App Store
Shipped
iOS Lead -> Solo Engineer
Turning an AI menu translation prototype into a shipped iOS product
App Store-published iOS AI menu translation product built for real travel scenarios. I took it from a course project into a shipped, multi-region, cost-conscious system with OCR, streaming translation, and layout-preserving overlays.
Started in a course team, then independently pushed into a shipped product with backend convergence, multi-region deployment, and layered cost / abuse control.
MenuGenie is an App Store-published iOS menu translation product. I took an AI menu translation prototype that began in a course collaboration project and pushed it into a product meant for real travel scenarios, so users could understand foreign-language menus more quickly at the table instead of receiving a detached block of translated text.

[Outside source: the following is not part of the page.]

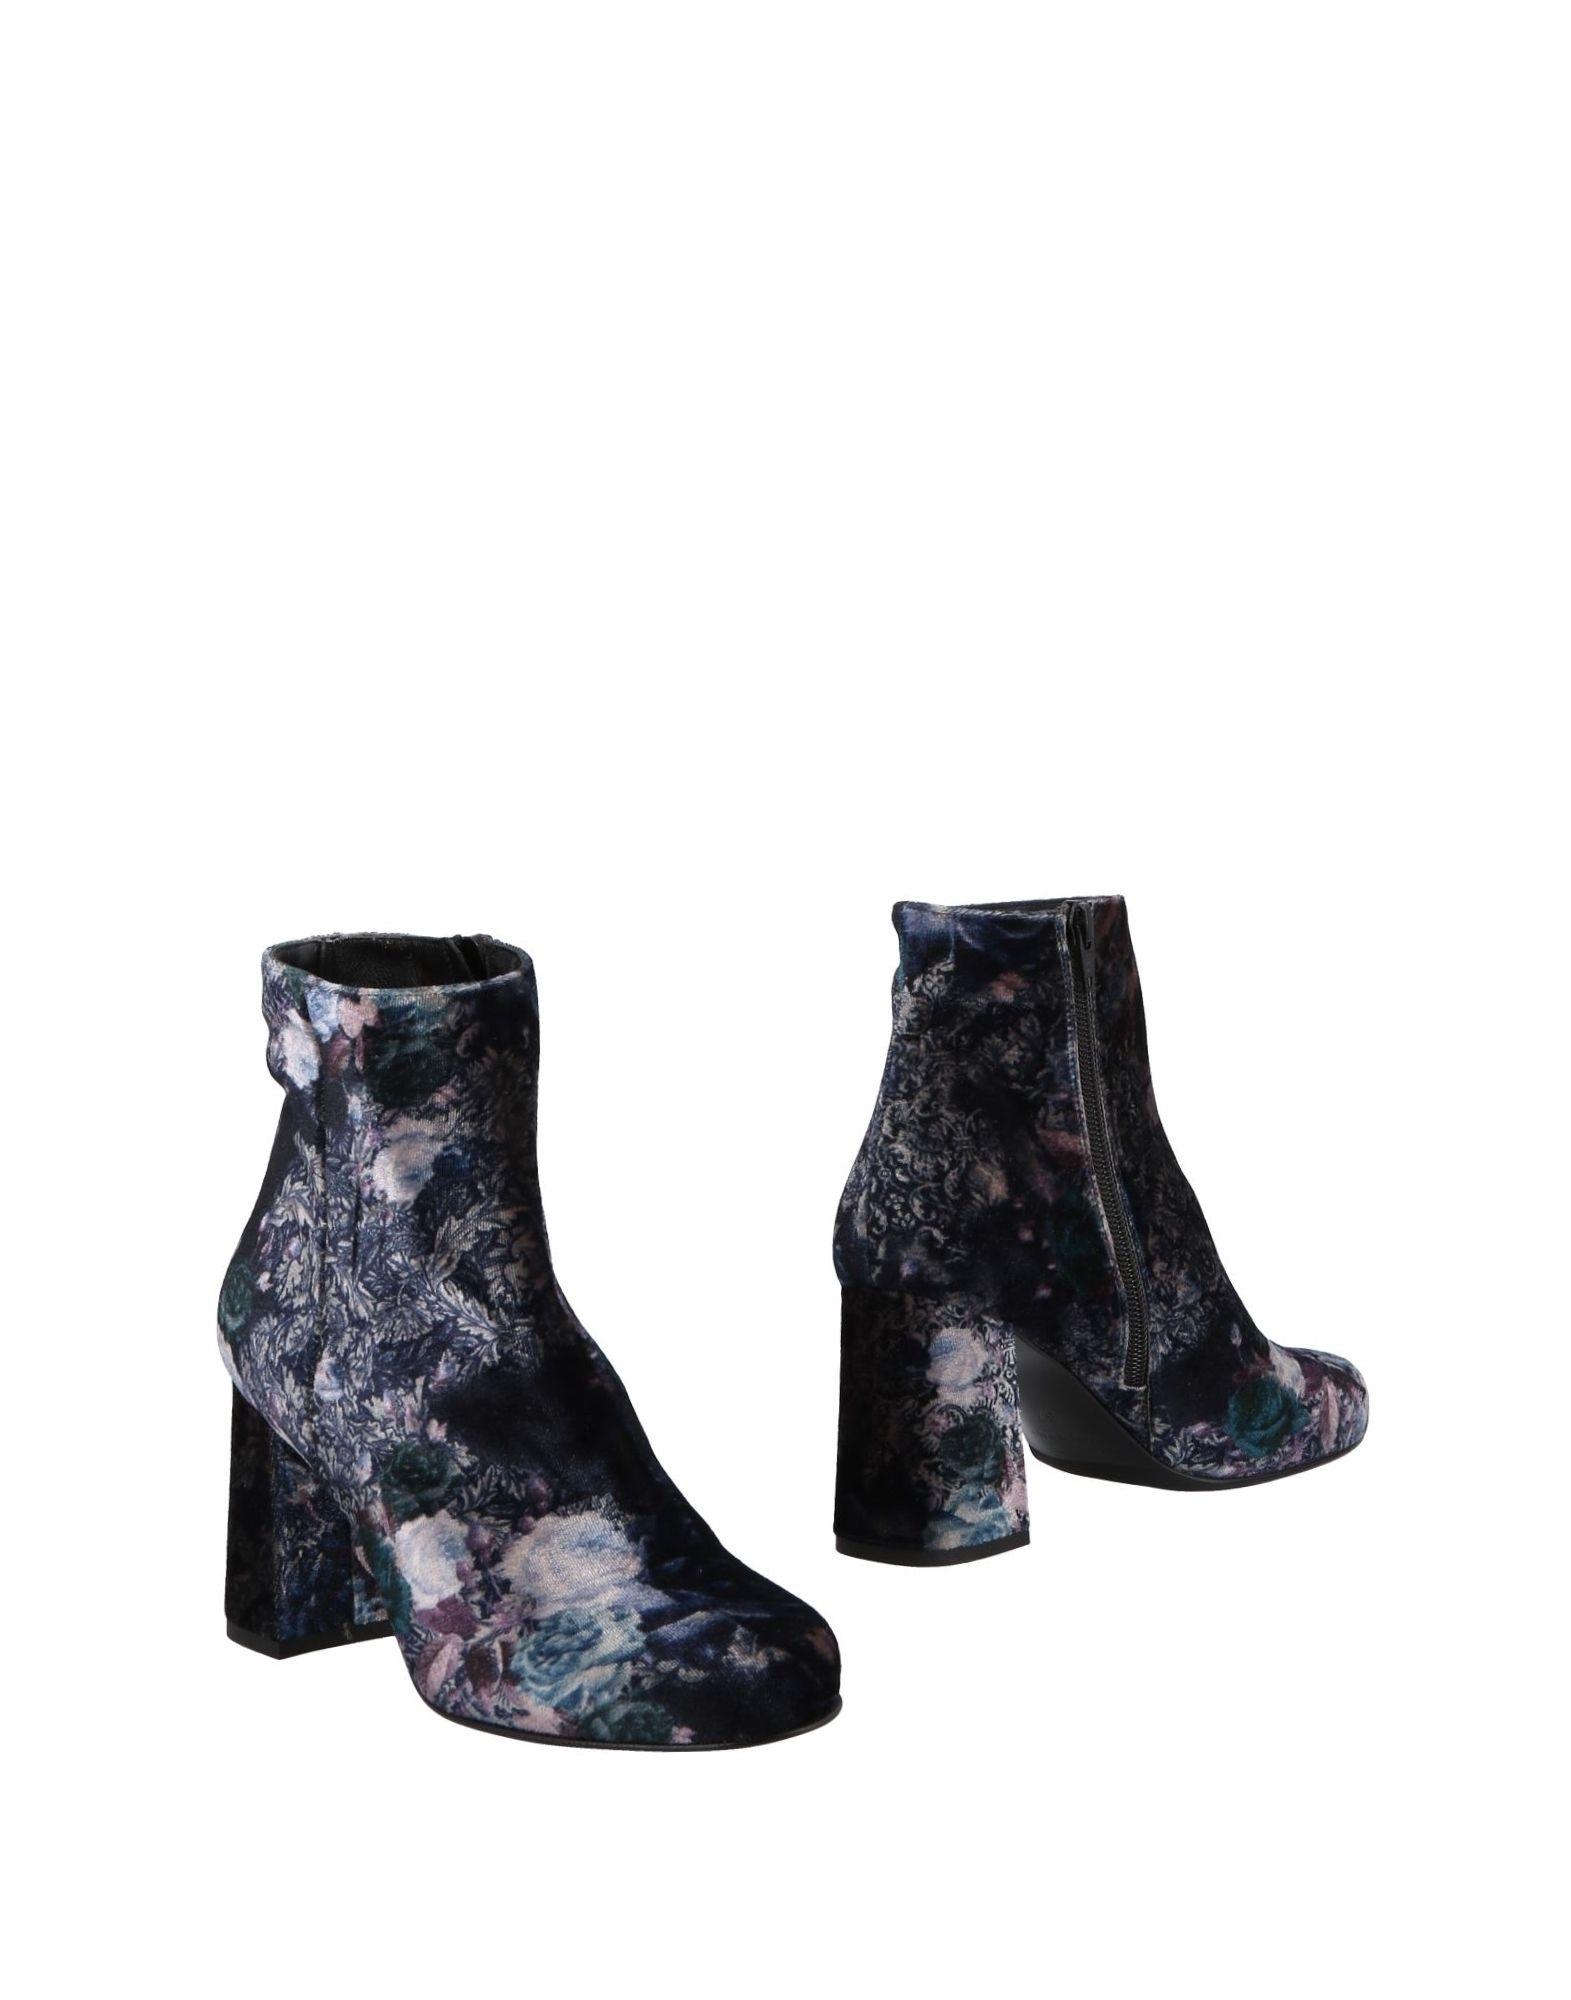 Tatoo Tatoo Tatoo Ankle Boot - Women Tatoo Ankle Boots online on  United Kingdom - 11498870NS 20fcd5

The difficulty of foreign-language menus is not only translation. In a restaurant, users usually do not have time to slowly decode a complex menu. Real menus often mix vertical and horizontal text, multi-column layouts, prices placed tightly next to dish names, and inconsistent typography. If the translated result loses the original layout, users still need to remap names, prices, and descriptions by hand, so the real cognitive cost does not go down. In practice, most users simply want to know what they can eat and what they should order.
A second problem is that existing tools often stop at literal translation. When a menu contains regional dishes, unusual ingredients, or non-obvious dish names, users still need to leave the screen to search for dish context, ingredients, or allergen information, then come back and re-orient themselves on the same menu. Some tools also misplace overlays or force users to re-upload the image after switching away. MenuGenie was built to close that broken flow so users could read, decide, and look deeper into a dish within one product.
This project had two stages. In the earlier stage, it took shape as a product prototype in a course collaboration project. At that stage, I was the iOS frontend lead, responsible for turning camera capture, translation screens, overlay rendering, reading modes, and the core interaction flow into a usable iOS product prototype.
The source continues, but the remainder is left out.